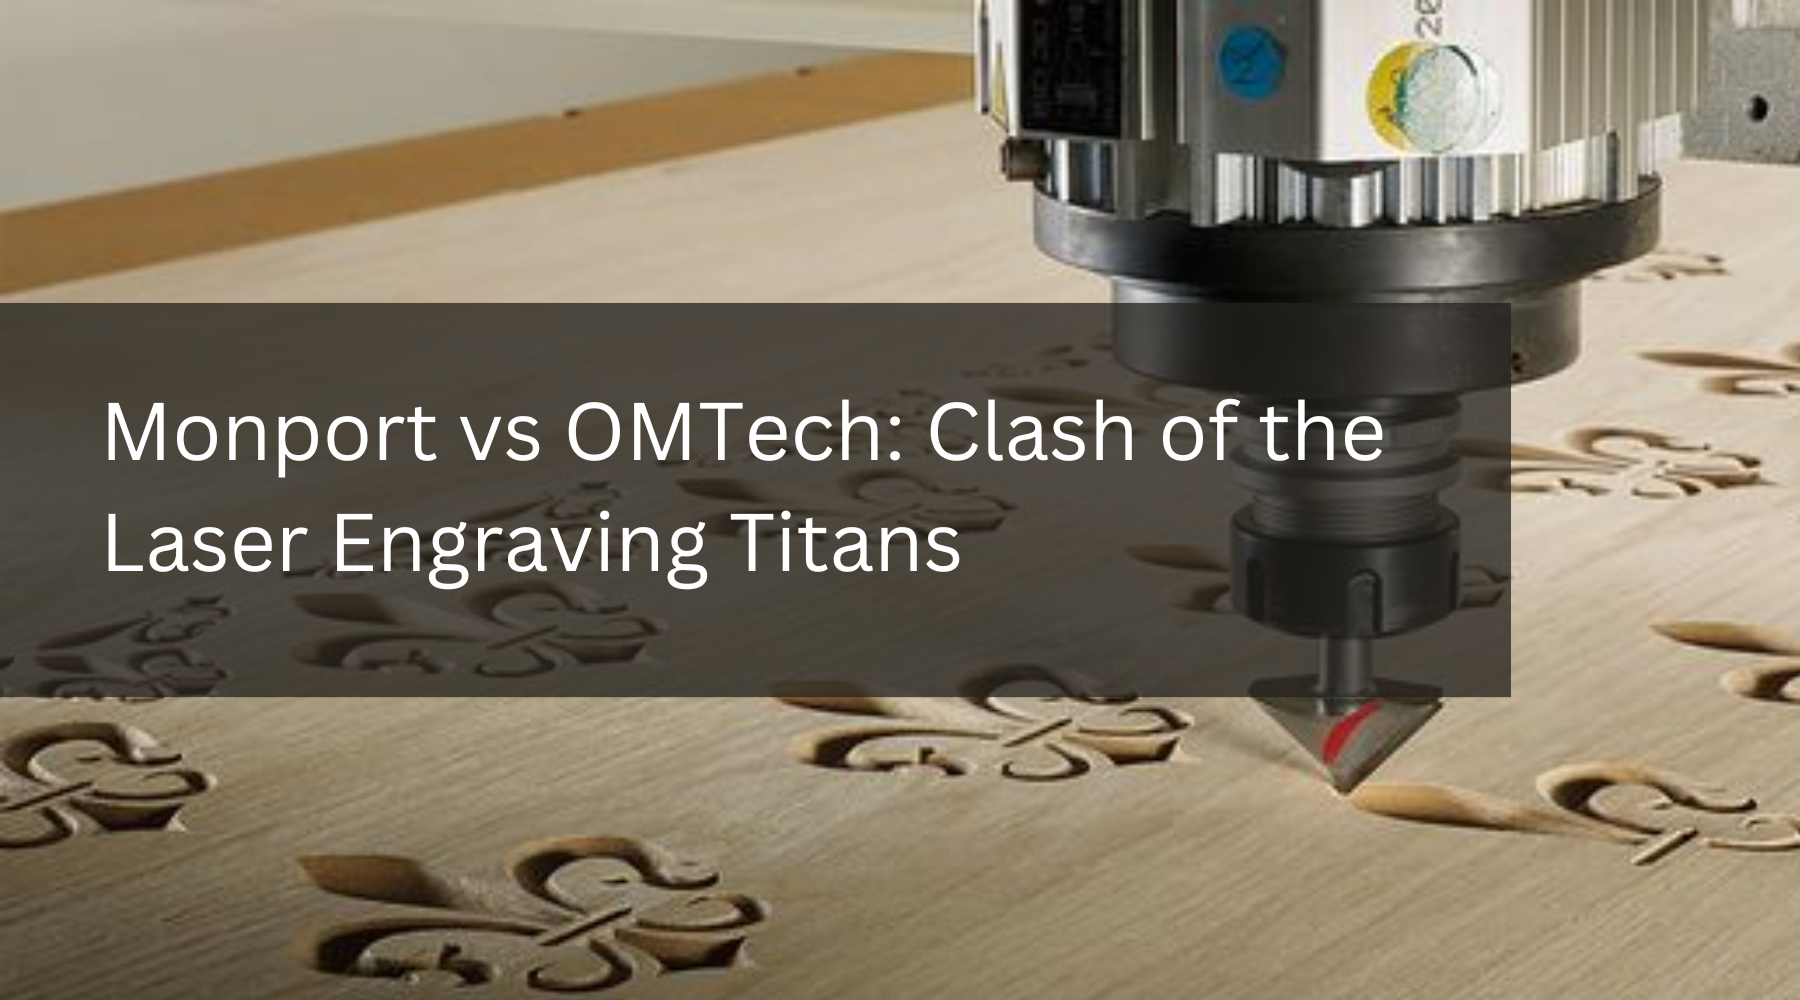 Monport vs OMTech: Clash of the Laser Engraving Titans
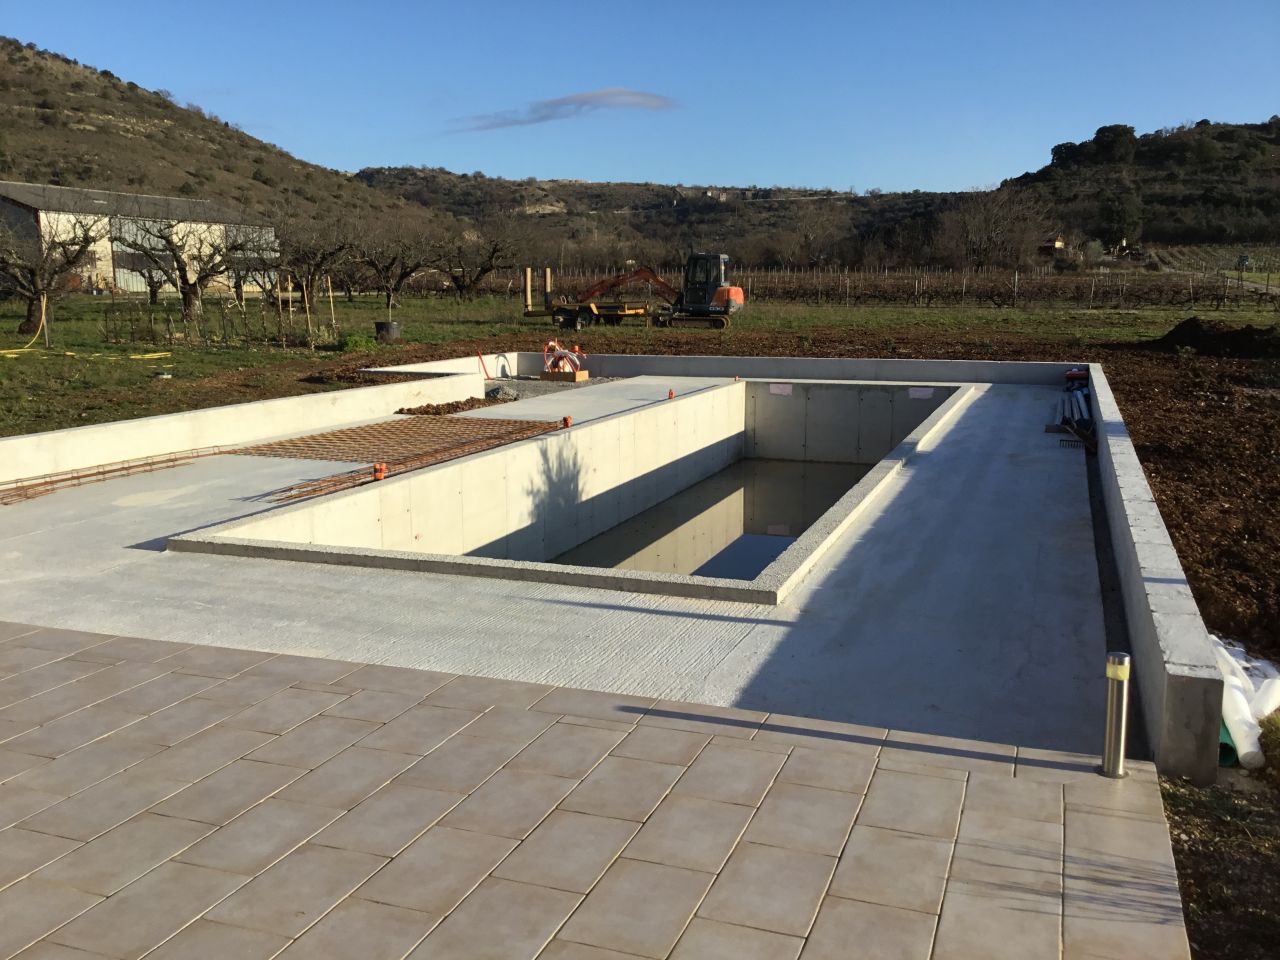 Le 6 janvier 2019 : perspective de la piscine vue de la terrasse maison.
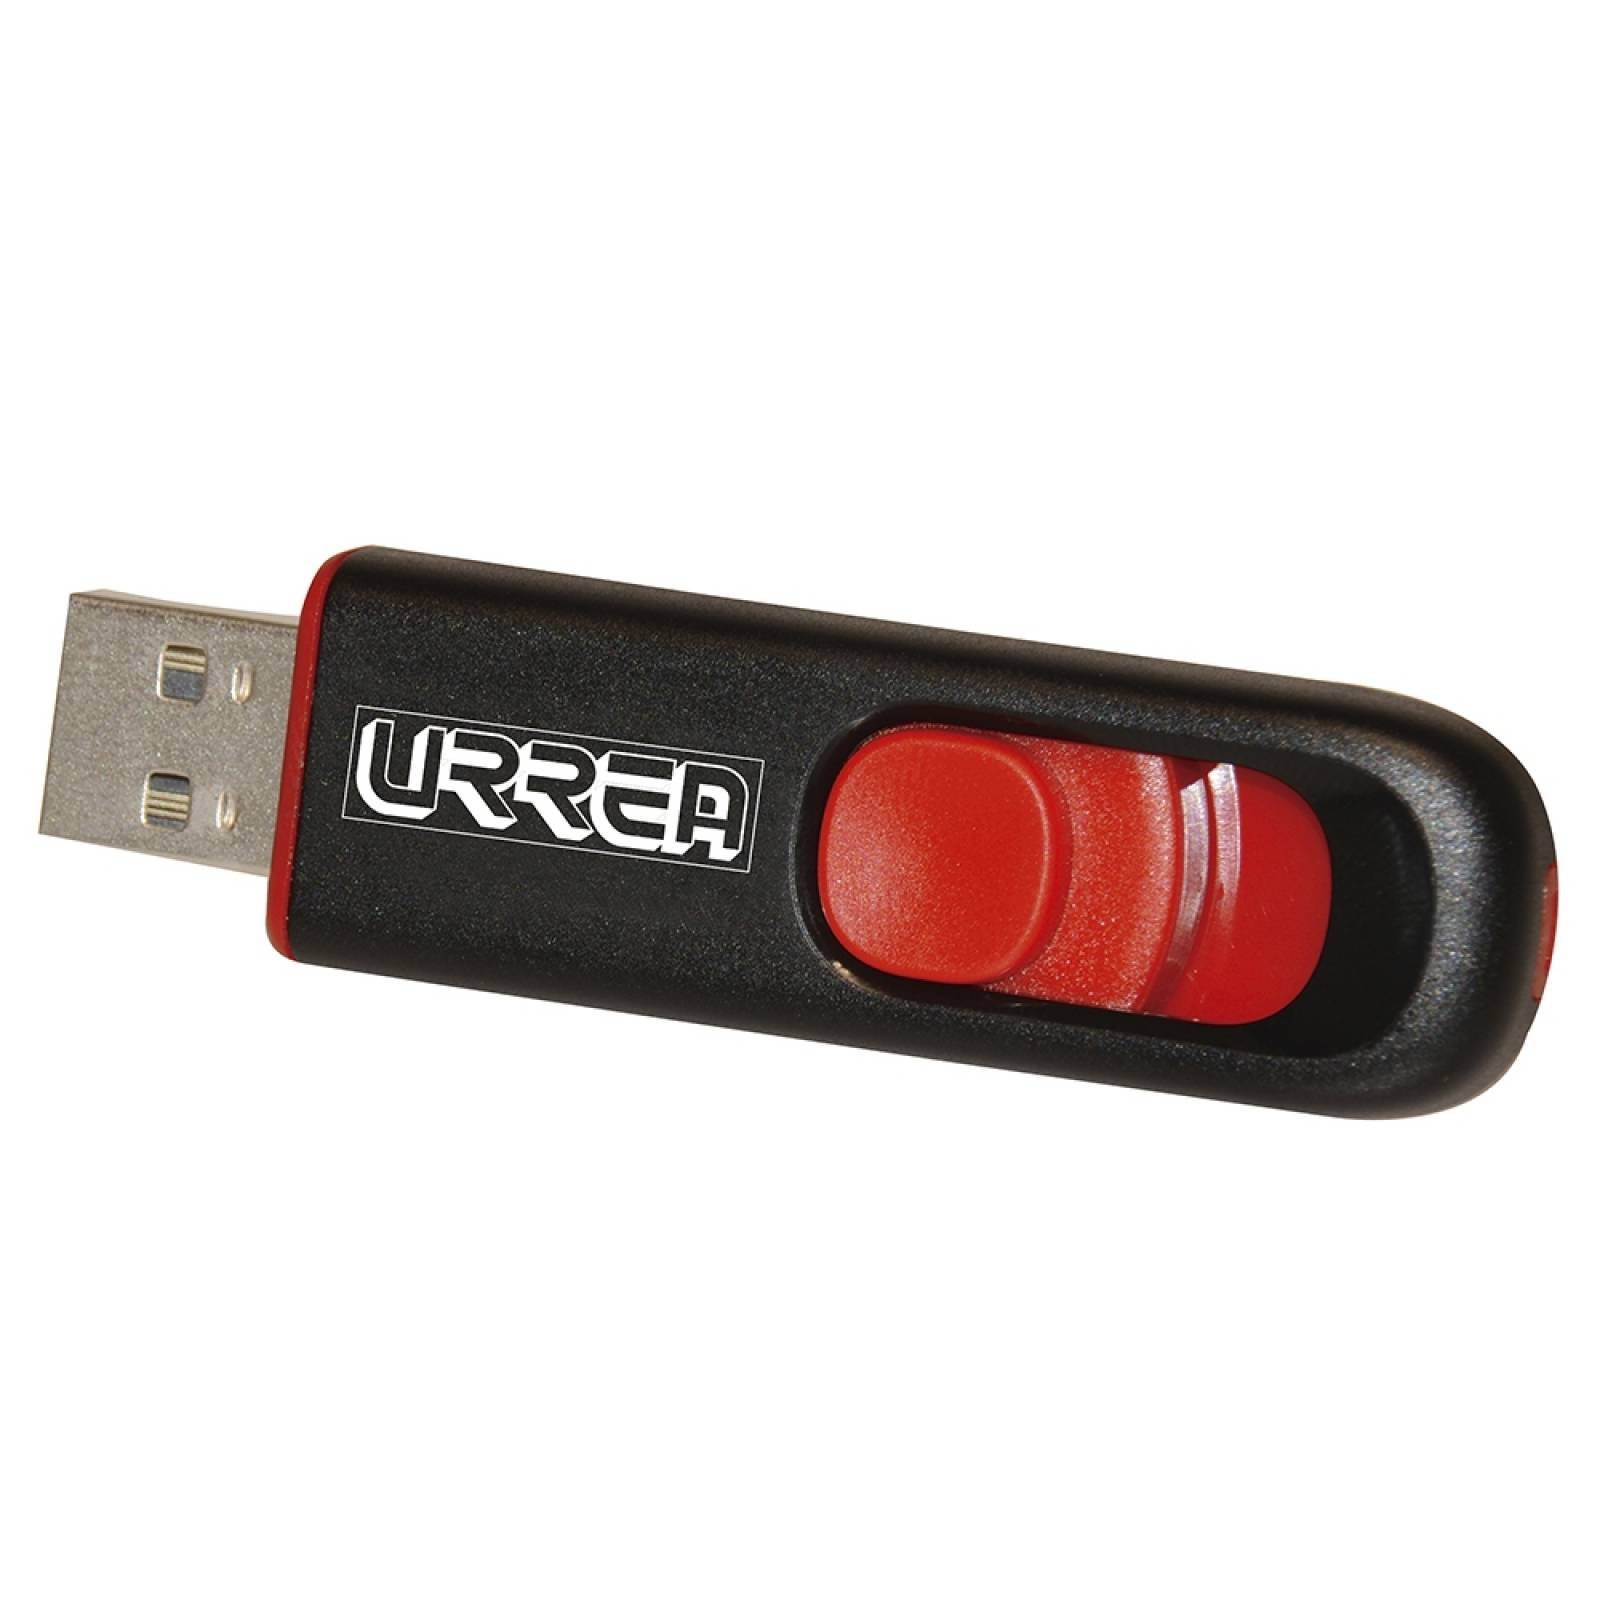 Memoria USB retráctil 8GB MUSB8U Urrea

### Required action
Retype the whole listing. Keep every word exact but include no pictures.

### Written reply
 Monport vs OMTech: Clash of the Laser Engraving Titans
 Le 6 janvier 2019 : perspective de la piscine vue de la terrasse maison.
 Memoria USB retráctil 8GB MUSB8U Urrea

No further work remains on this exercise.